Markdown to PDF: Three Quick Options
If your goal is to convert Markdown files into PDF, here are the most common approaches:
Option 1: WeasyPrint + markdown (Python)
import markdown
from weasyprint import HTML
md_content = open("file.md").read()
html_content = markdown.markdown(md_content)
HTML(string=html_content).write_pdf("output.pdf")
Option 2: Pandoc (CLI)
pandoc input.md -o output.pdf
Option 3: markdown-pdf (Node.js)
npm install -g markdown-pdf
markdown-pdf input.md
Image handling during conversion:
- Local images: Paths must be correct, relative to the Markdown file location.
- Remote images: The conversion tool downloads them automatically (requires network access).
- Base64 images: Embedded directly into the PDF.
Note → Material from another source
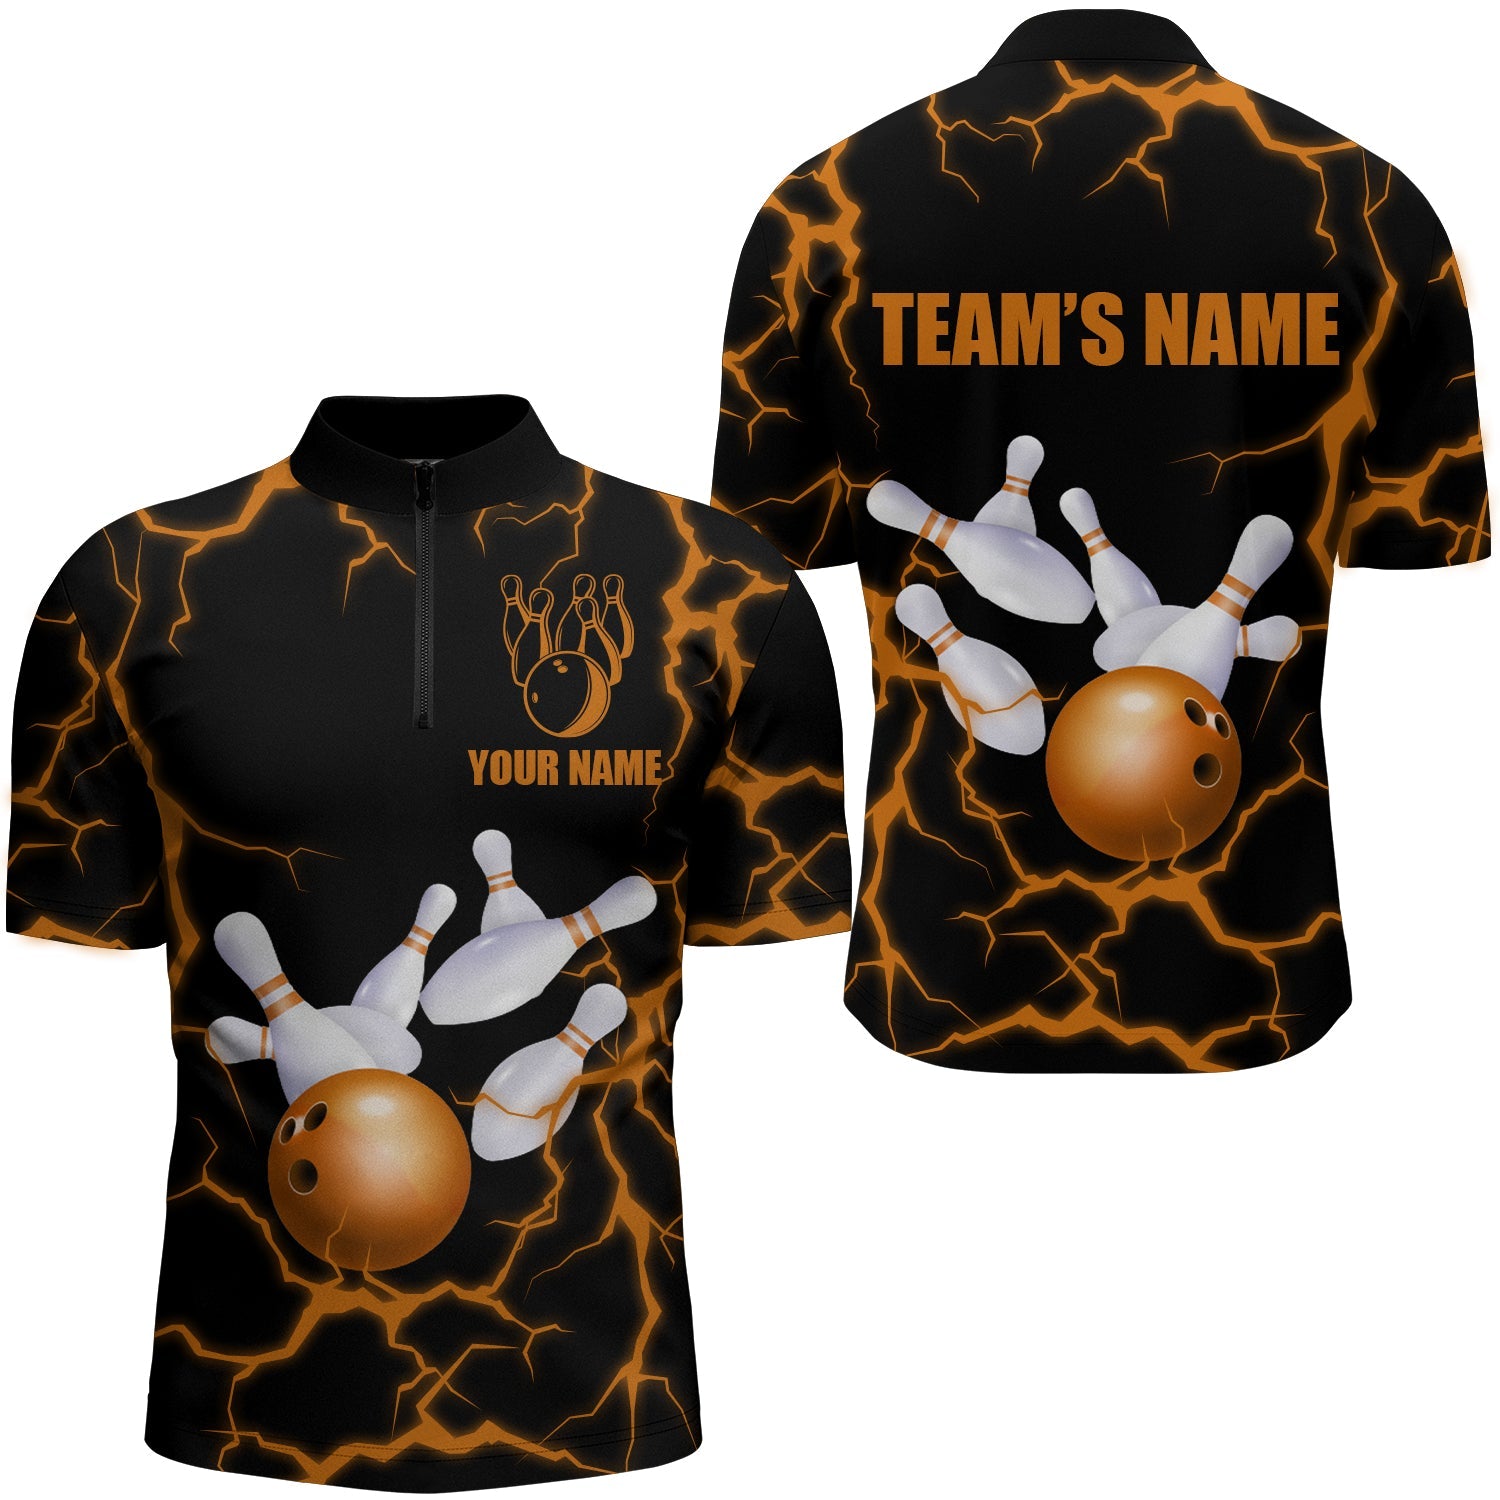 Bowling Customized Jersey Black Shirt, Orange Thunder Lightning Bowling Quarter Zip Shirt For Bowlers, Bowling Team

How PDFs Store Media Content
A PDF is fundamentally a self-contained document format. It does not automatically fetch external resources when opened.
Images in PDF
| Storage Method | Behavior |
|---|---|
| Embedded | Image data is encoded inside the PDF file (most common) |
| External link | PDF references an external URL; will not auto-download on open |
Video / Audio in PDF
| Storage Method | Behavior |
|---|---|
| Embedded | Media file stored inside the PDF |
| External link | Requires explicit user interaction to trigger |
When a PDF file is opened:
✅ Embedded images → Display immediately
❌ External images → Show as blank or placeholder (no auto-fetch)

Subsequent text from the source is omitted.